Jennie C. Jones is represented by work that uses acoustic panels to create classic, minimalist abstractions. But the acoustic panels bring with them intimations of silence, and a dichotomy not unlike that suggested by the work of Chase-Riboud: Are these about silence, which is the canvas on which music is written and a liberating spiritual force, or the act of being silenced, which is the first and fundamental strategy of power?

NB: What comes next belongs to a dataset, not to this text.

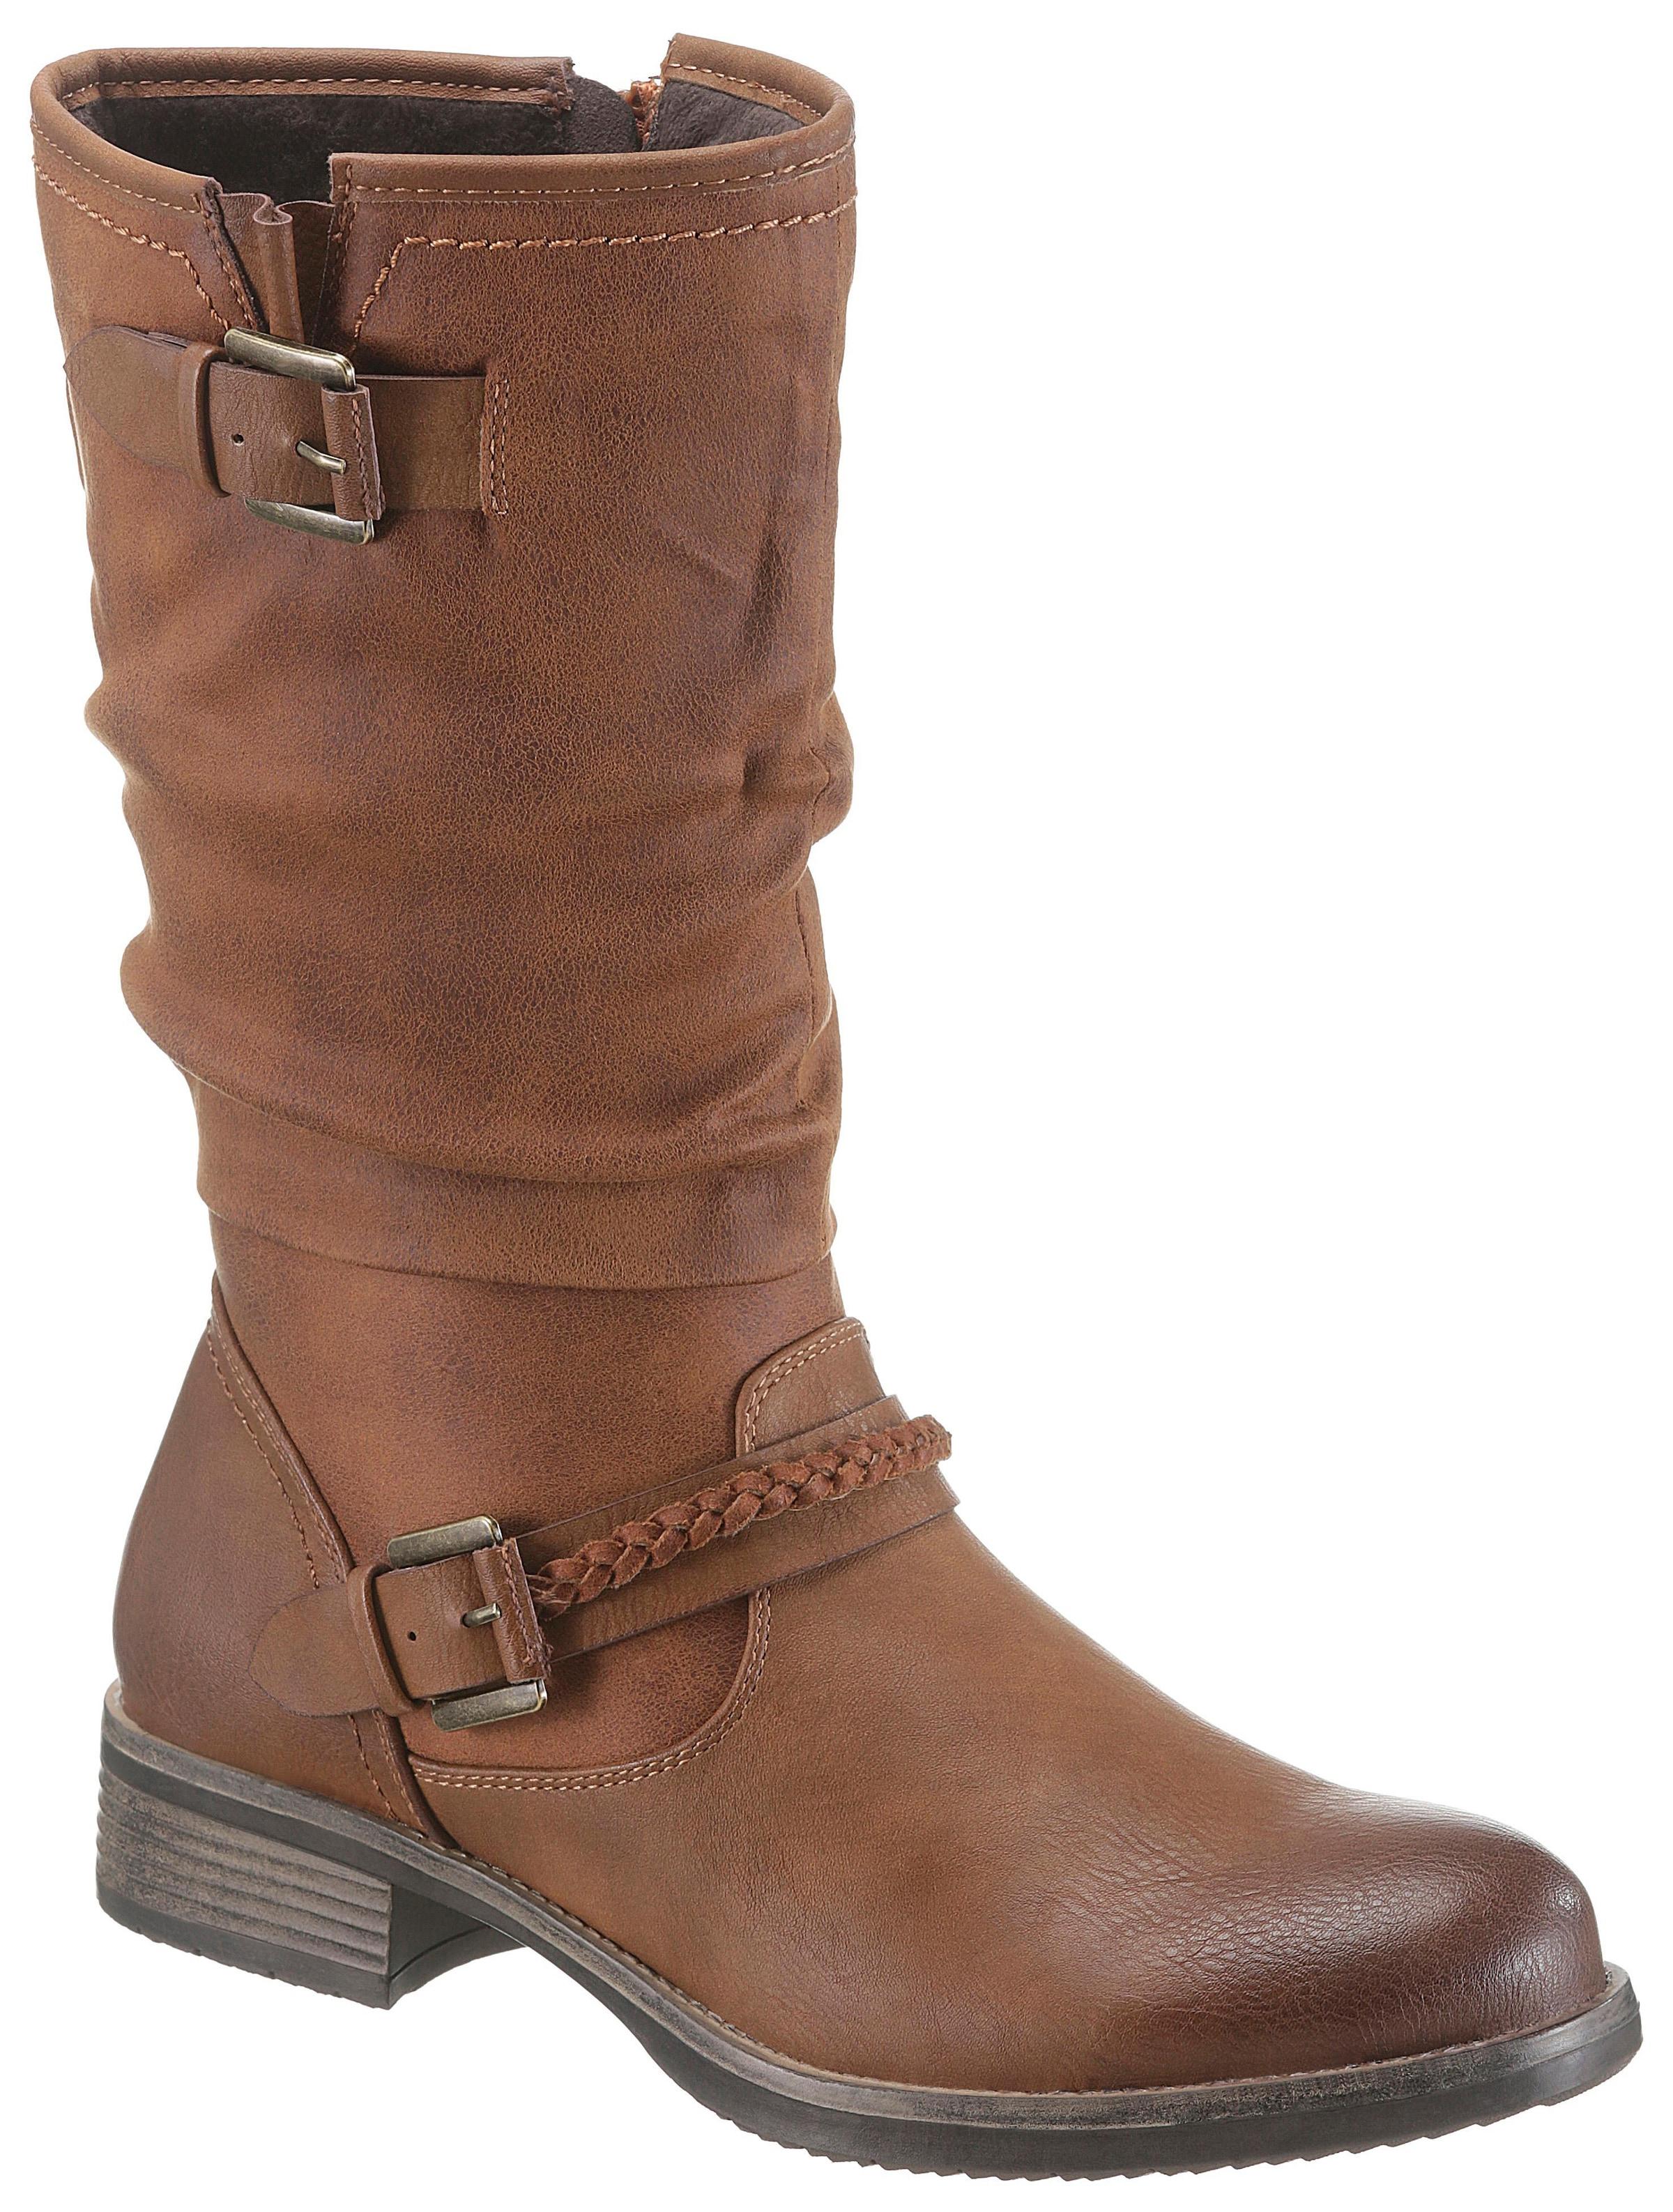 Rieker Stiefel mit einer Schafthöhe online kaufen | BAUR Y5cvZ

These dichotomies sprawl throughout the exhibition. In one particularly breathtaking work, an untitled 1972–73 painting by Howardena Pindell, the canvas is covered with small dots the same size as the little round scraps of paper left over when using a paper punch press. In another work she uses the actual circular paper scraps mixed into paint to create a strangely shaped autobiographical work referencing time she spent in Japan. But in the untitled acrylic painting, she has meticulously painted their two-dimensional trace, on a canvas that includes an illusionistic pattern of creases, as if the whole thing had been stuffed into a cupboard or left lying on the floor, untended, until imperfections took form. It is a complex work that starts the mind on a chain of questions — who made these dots, who punched the paper and for what purpose, and what was written on the pages of the paper that was punched? — that ultimately point to the idea of text or document that is being withheld from us.
This is the question with which power must be rigorously confronted: What is being withheld from us? This exhibition is one, practical, pragmatic answer to the question. But of course the question raises another: What do we withhold from ourselves?